Urinary Tract Infections

Methenamine hippurate or methenamine mandelate is used for prophylaxis or suppression of recurrent urinary tract infections (bacteriuria), especially when long-term therapy is considered necessary.

Methenamine hippurate or methenamine mandelate should be used only after the urinary tract infection has been eradicated by other appropriate anti-infectives. Methenamine is not effective in systemic bacterial infections and has no effect on bacteria in blood or tissues outside the urinary tract. Methenamine hippurate and methenamine mandelate should not be used alone in the treatment of acute parenchymal infections causing systemic symptoms (e.g., chills, fever).

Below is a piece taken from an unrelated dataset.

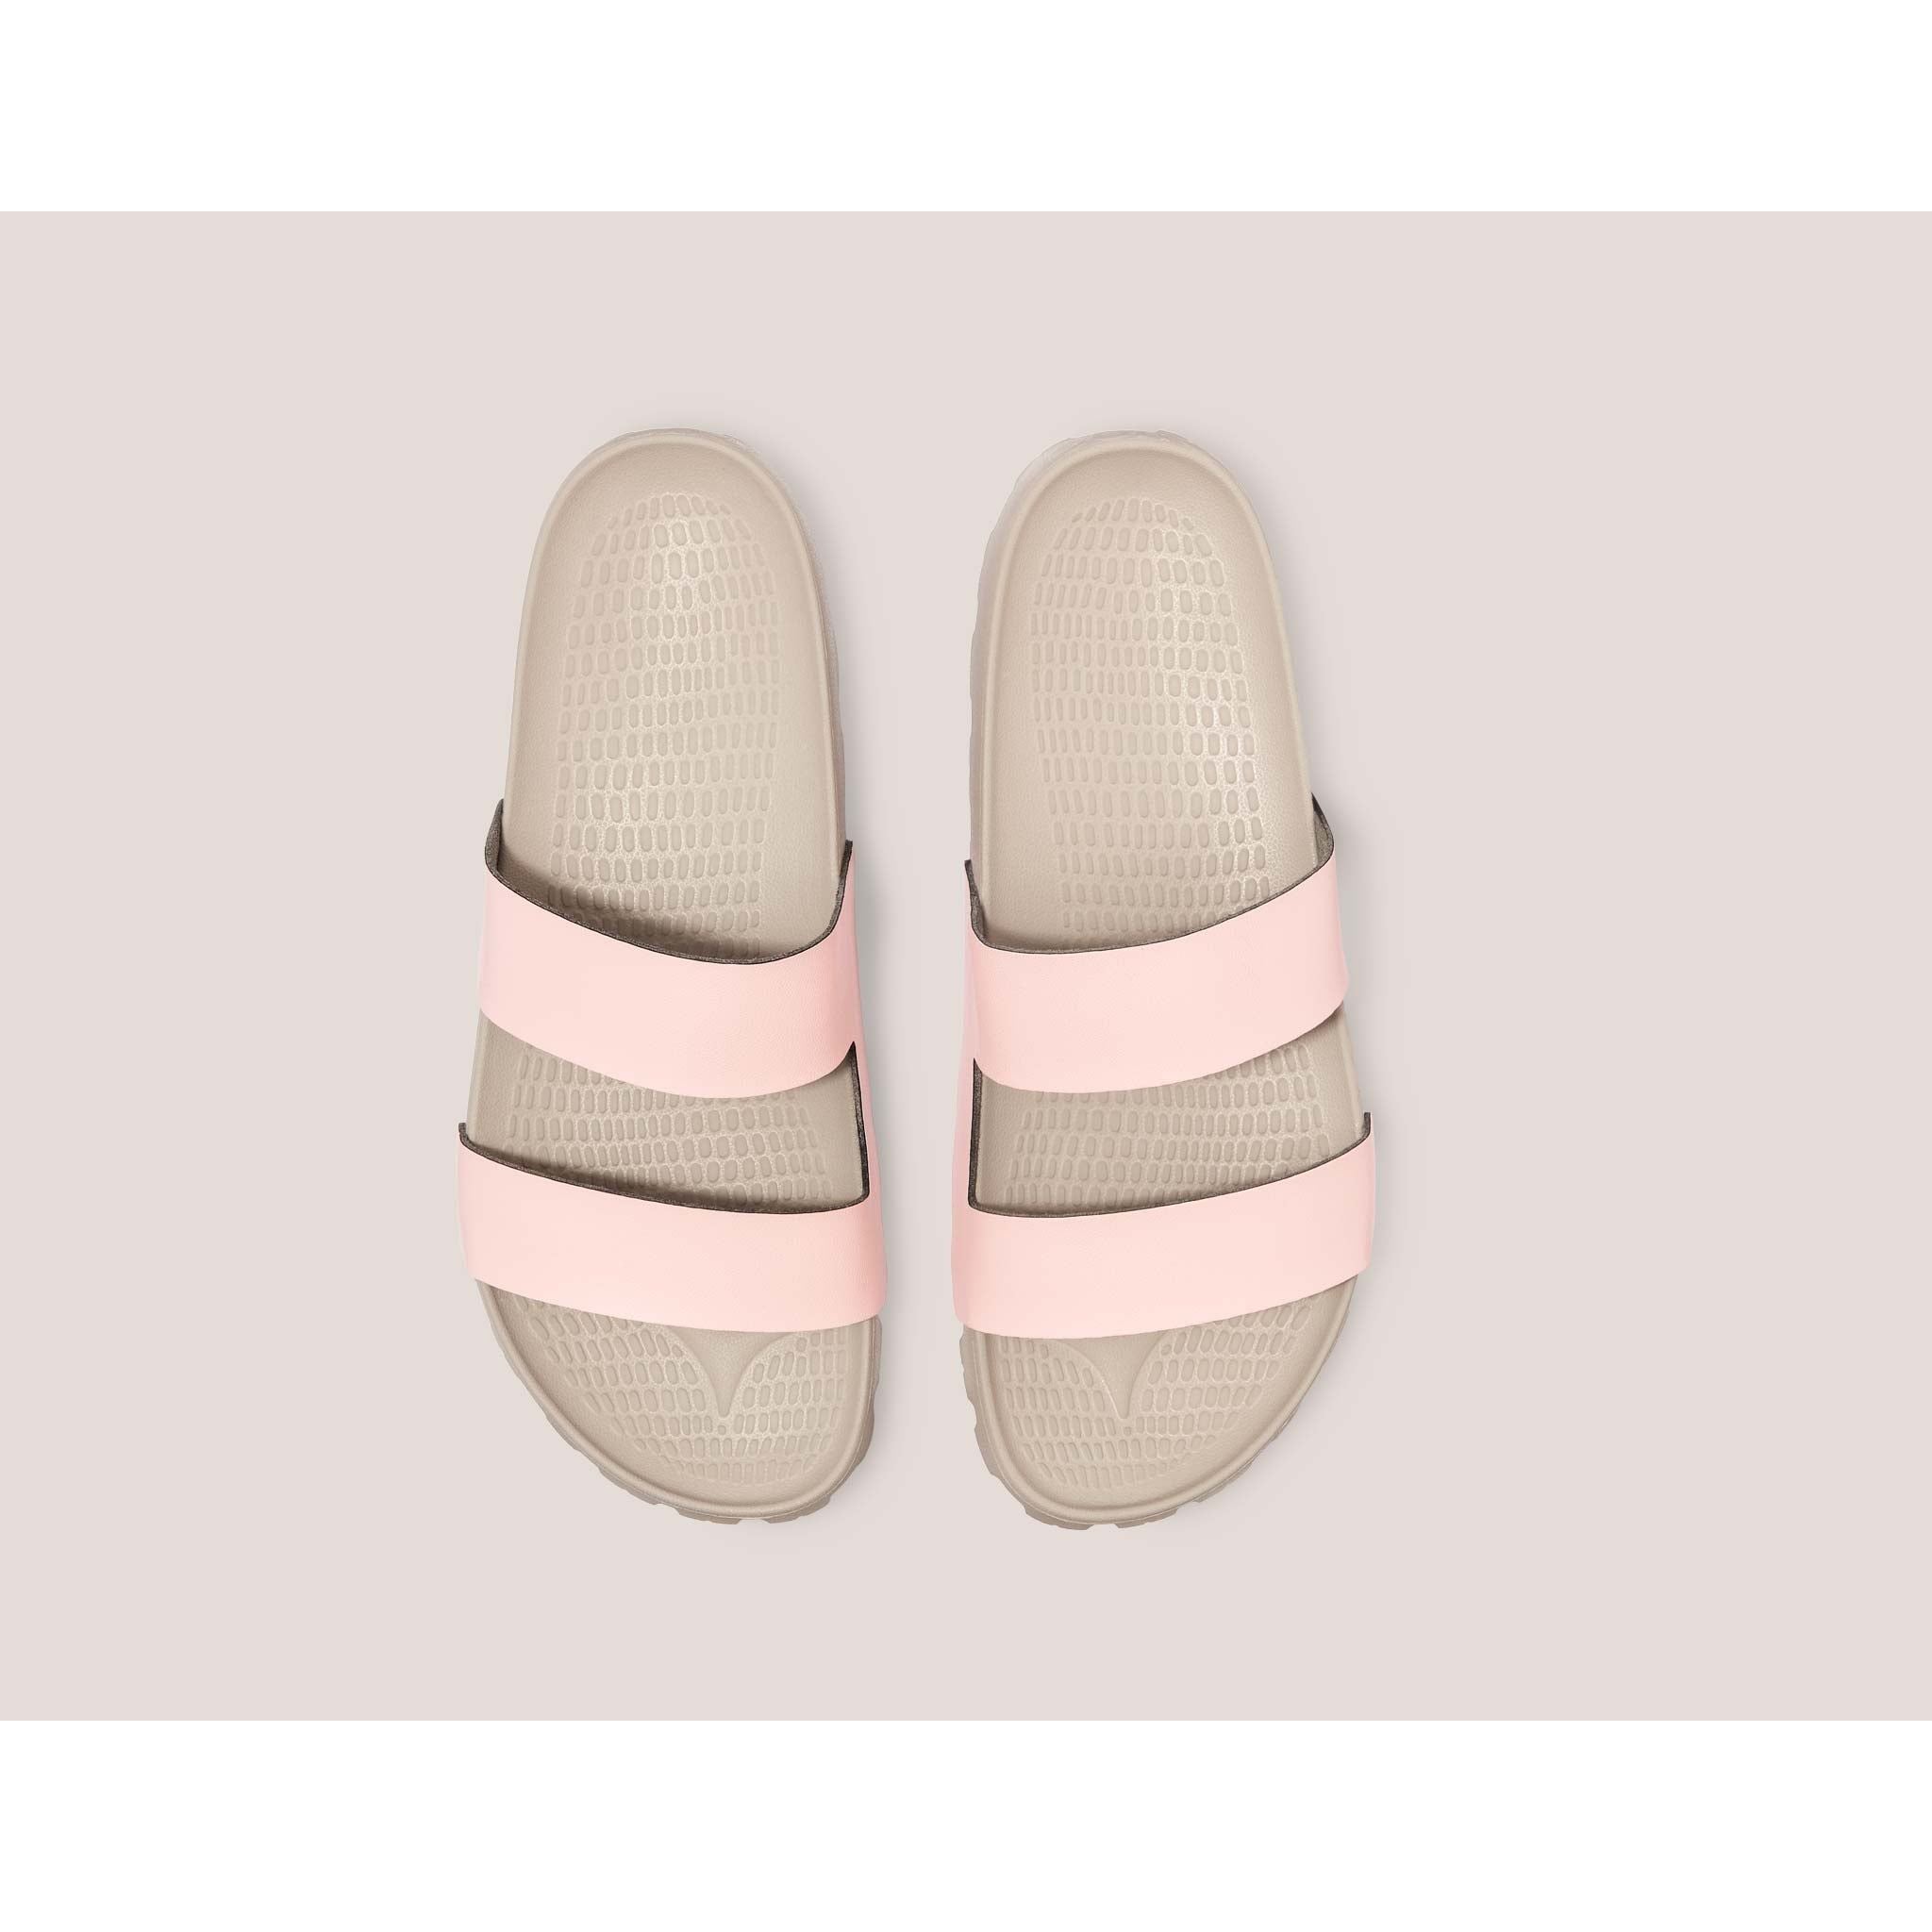 QUOC LALA SLIDE - DUSTY PINK

Efficacy of methenamine therapy should be monitored by periodic urine cultures. Antibacterial effects of methenamine are maximal when urine pH is 5.5 or less. Urinary pH should be monitored during methenamine therapy and supplementary acidification used, if required. Supplementary acidification may be achieved by dietary regulation and/or concomitant administration of acidifying agents (e.g., ammonium chloride, ascorbic acid, methionine). This is particularly important when the causative organisms are urea-splitting strains of Proteus or Pseudomonas which increase urinary pH.

Dosage and Administration

Reconstitution and Administration

Methenamine hippurate and methenamine mandelate are administered orally.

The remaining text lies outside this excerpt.